Raw data =>
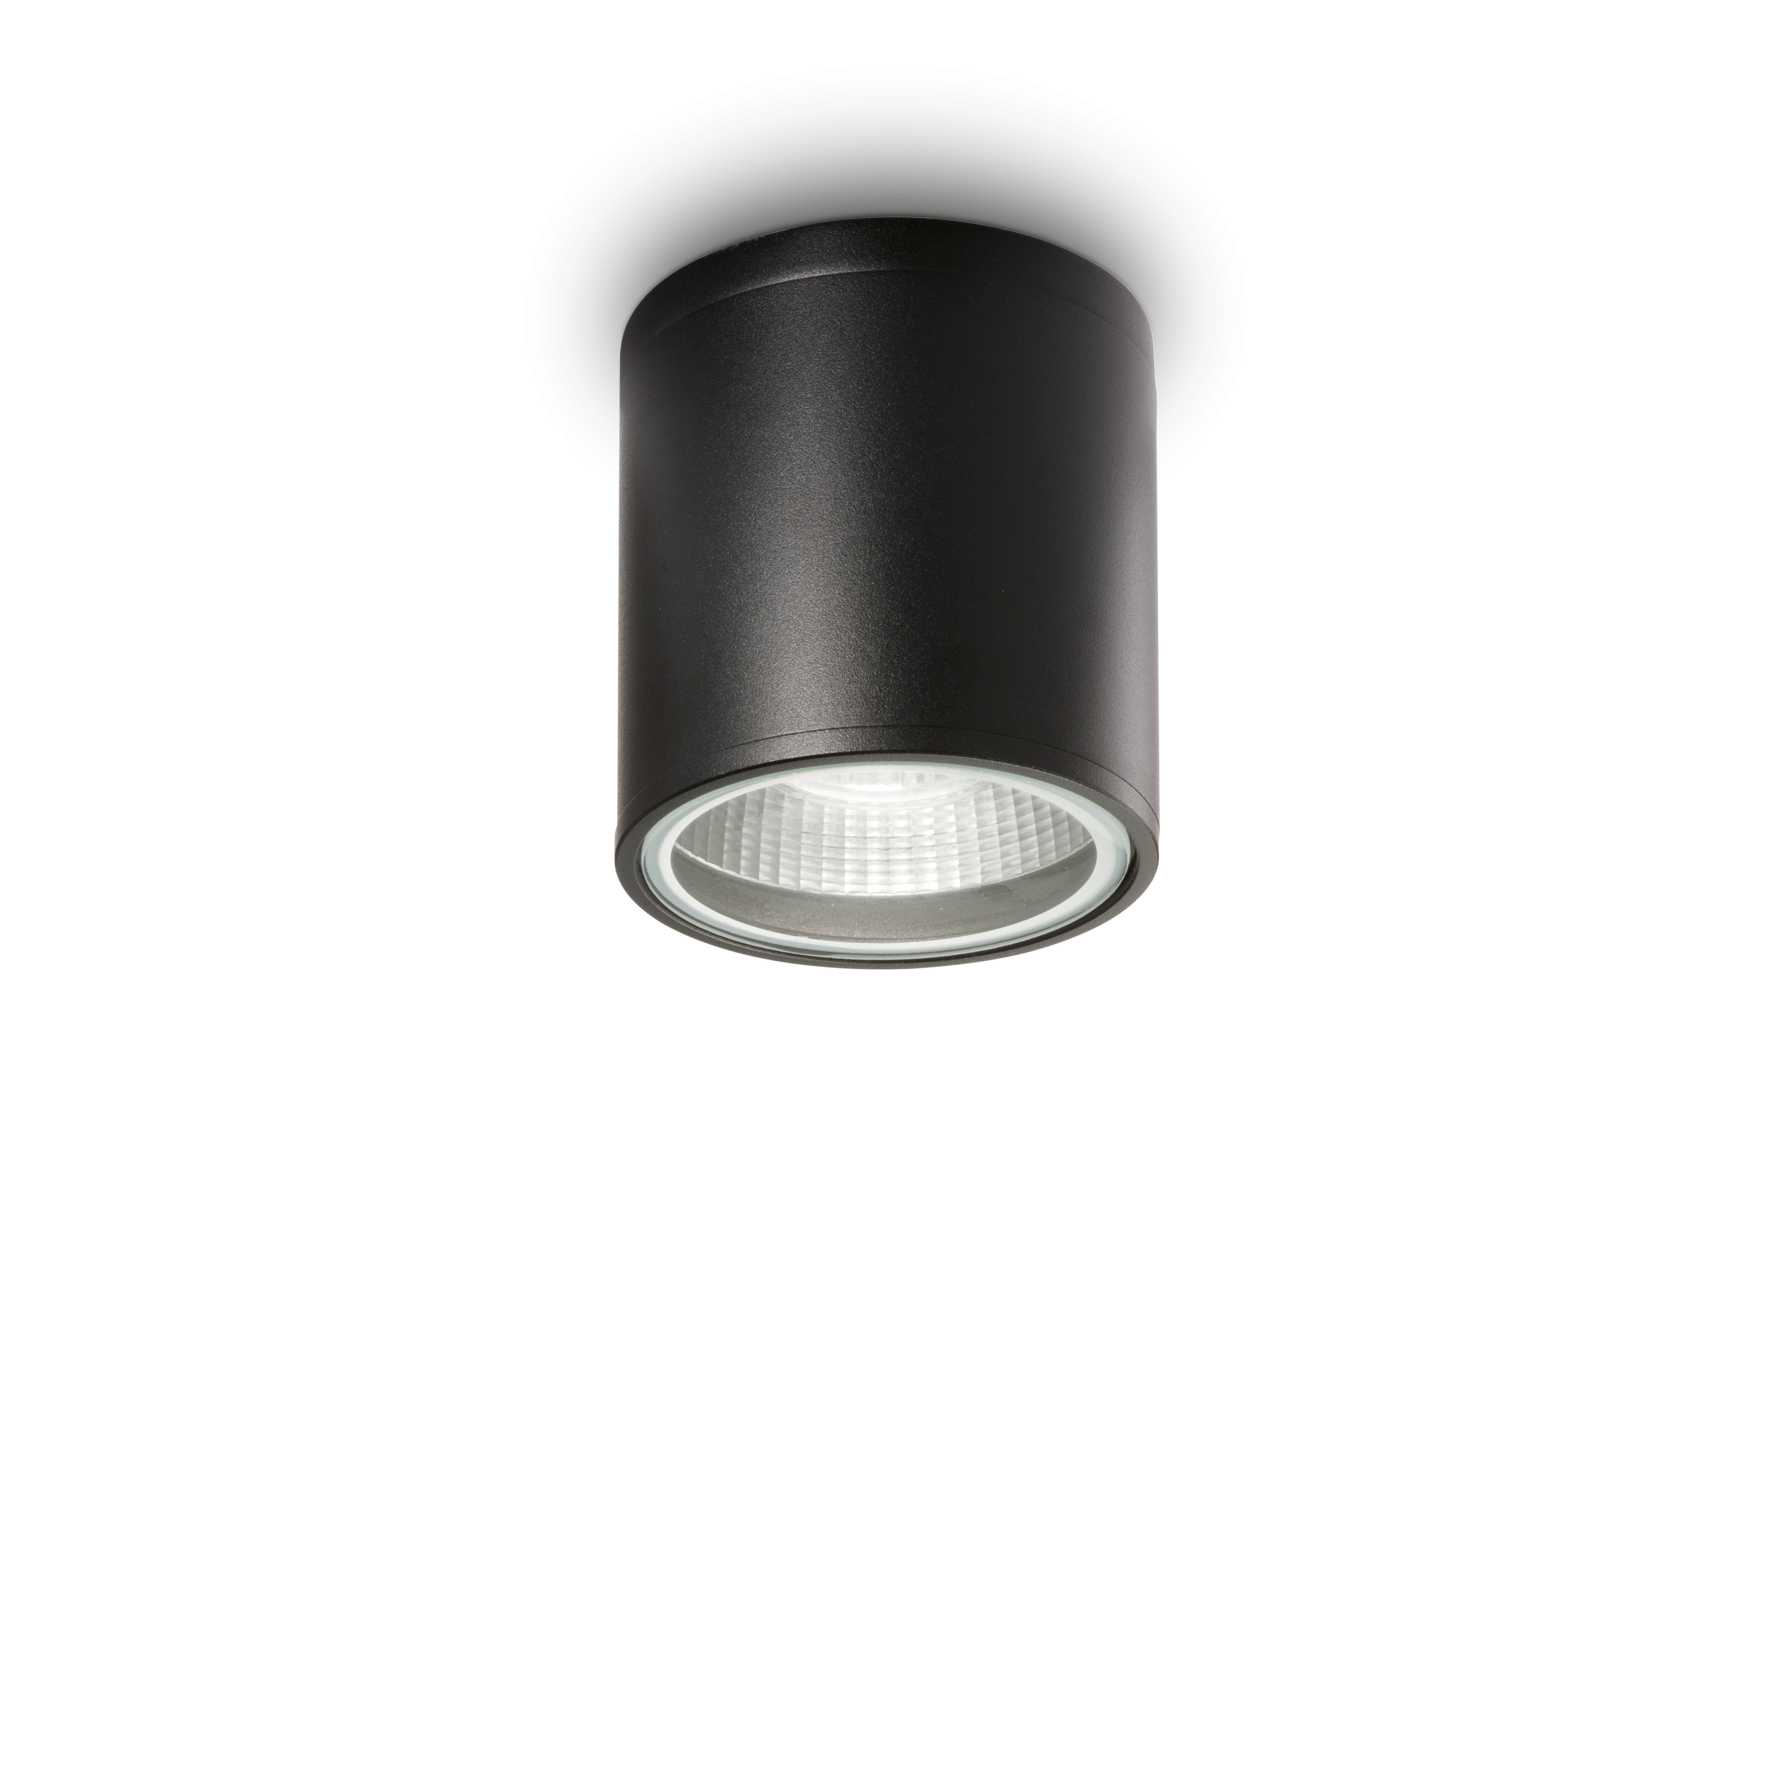 AD hotelska oprema Vanjka stropna lampa Gun pl1- Crne boje slika proizvoda
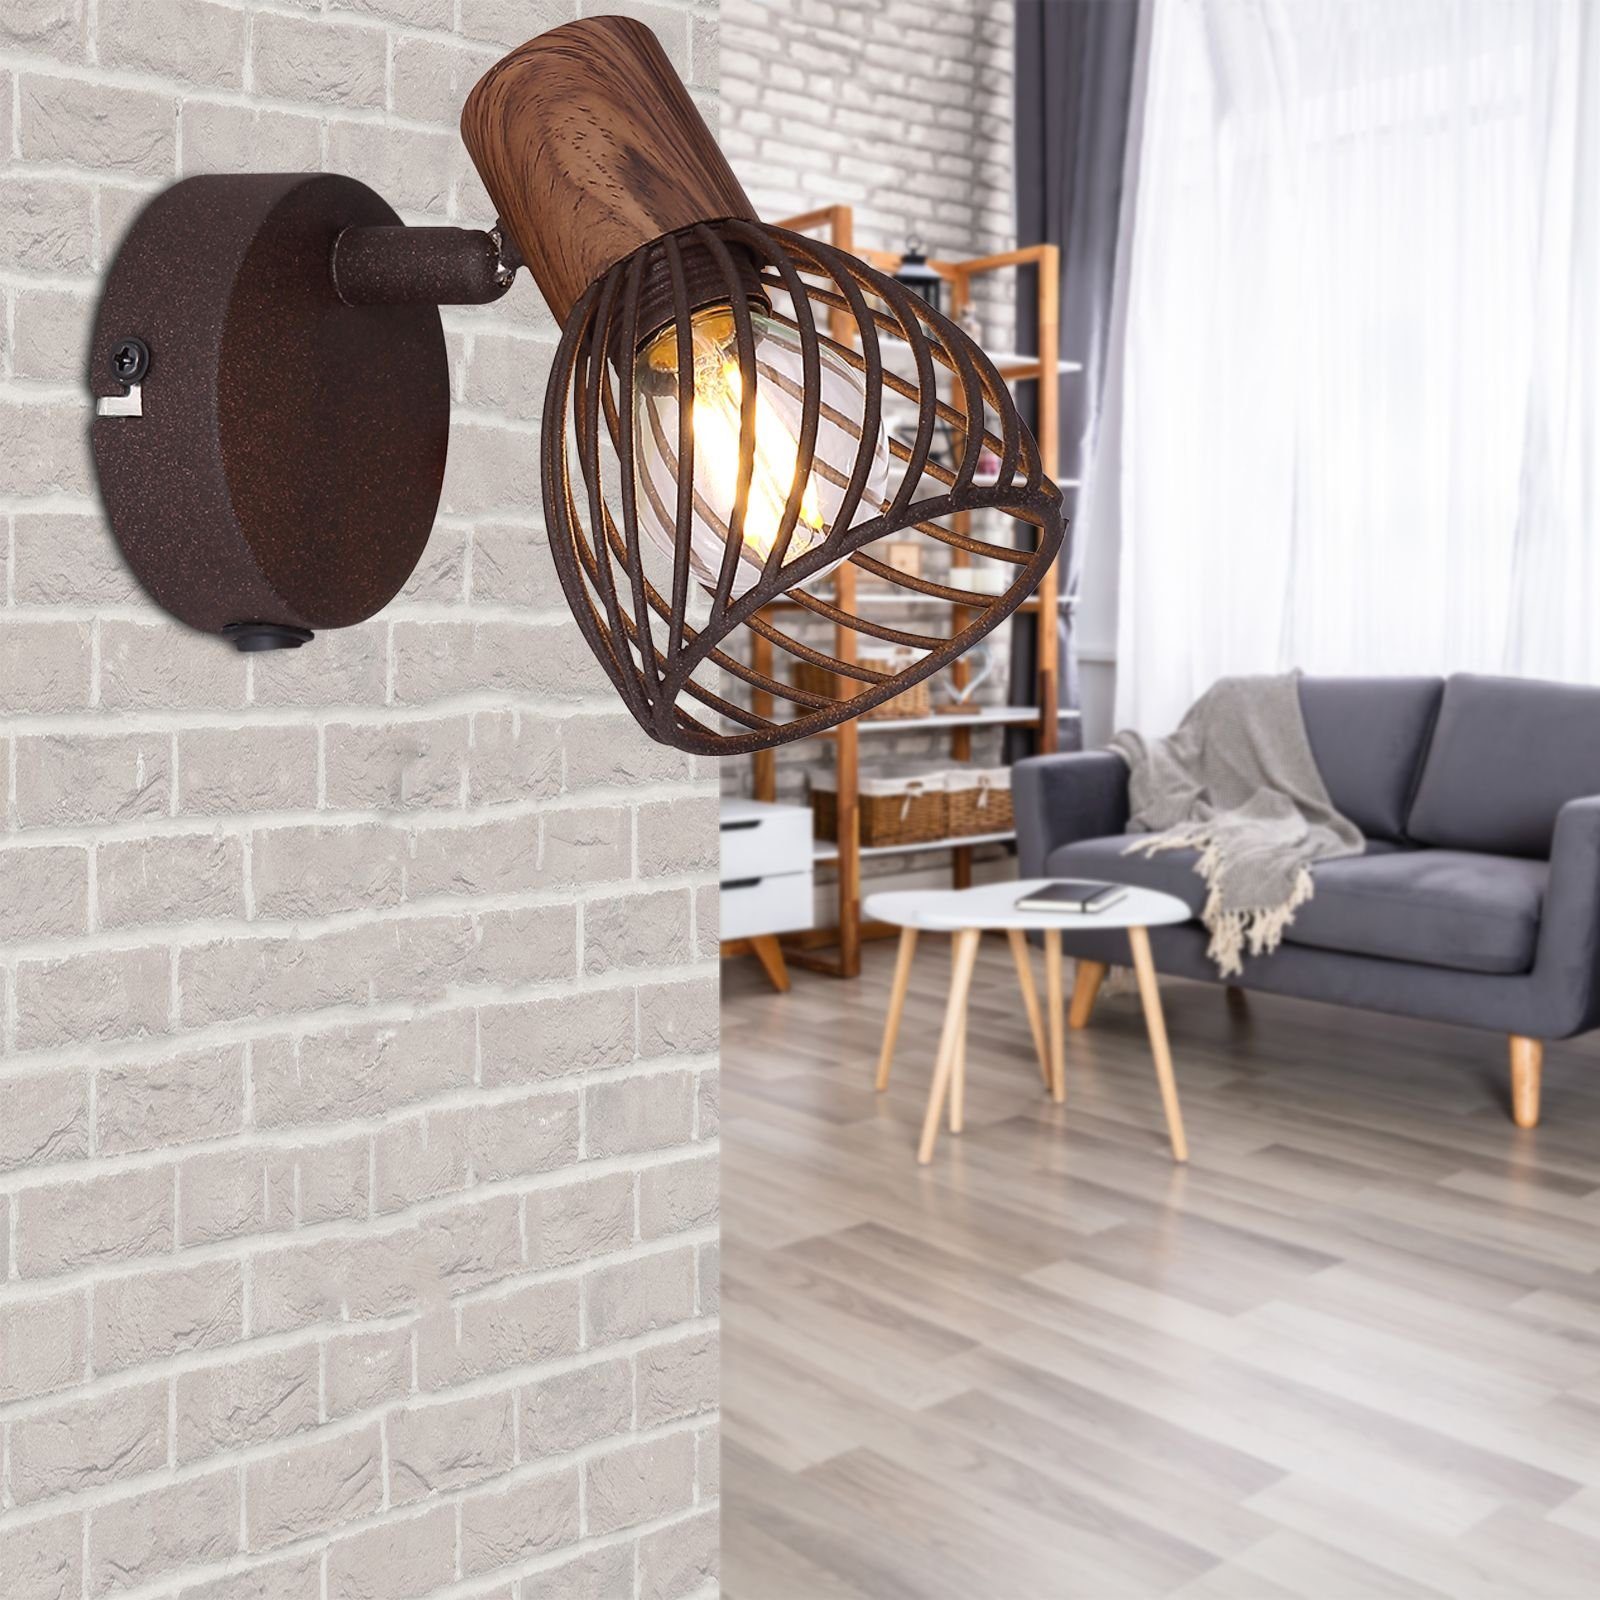 Wandstrahler Holz mit GLOBO Globo Schalter Innen Wandleuchte Wandlampe Wandleuchte
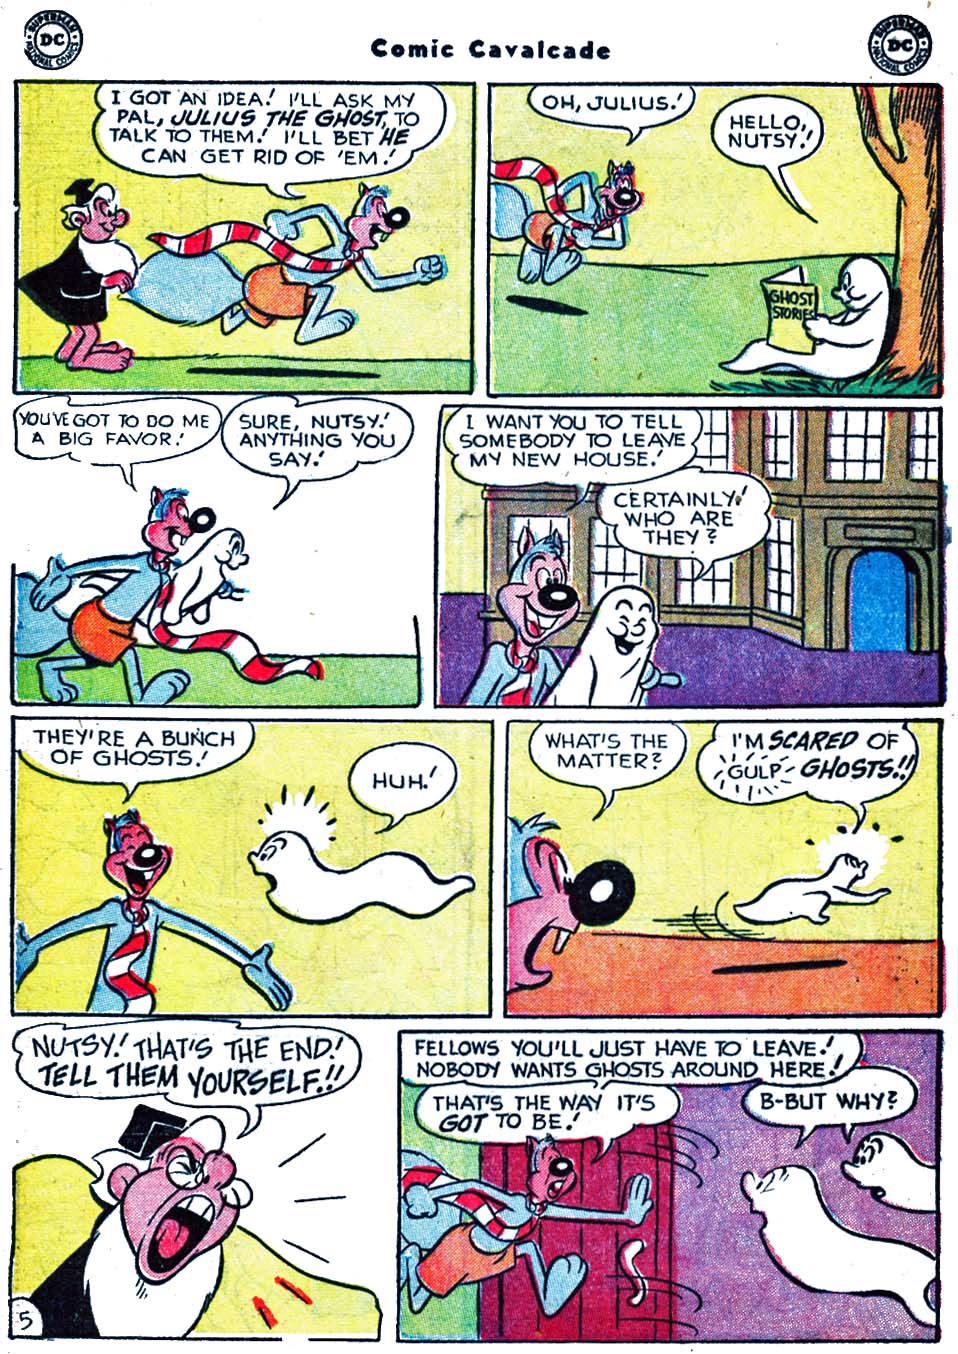 Comic Cavalcade issue 62 - Page 38

What you need to do => Set down the whole listing word for word, omitting the pictures.

Your solution =>
 AD hotelska oprema Vanjka stropna lampa Gun pl1- Crne boje slika proizvoda
 Wandstrahler Holz mit GLOBO Globo Schalter Innen Wandleuchte Wandlampe Wandleuchte
 Comic Cavalcade issue 62 - Page 38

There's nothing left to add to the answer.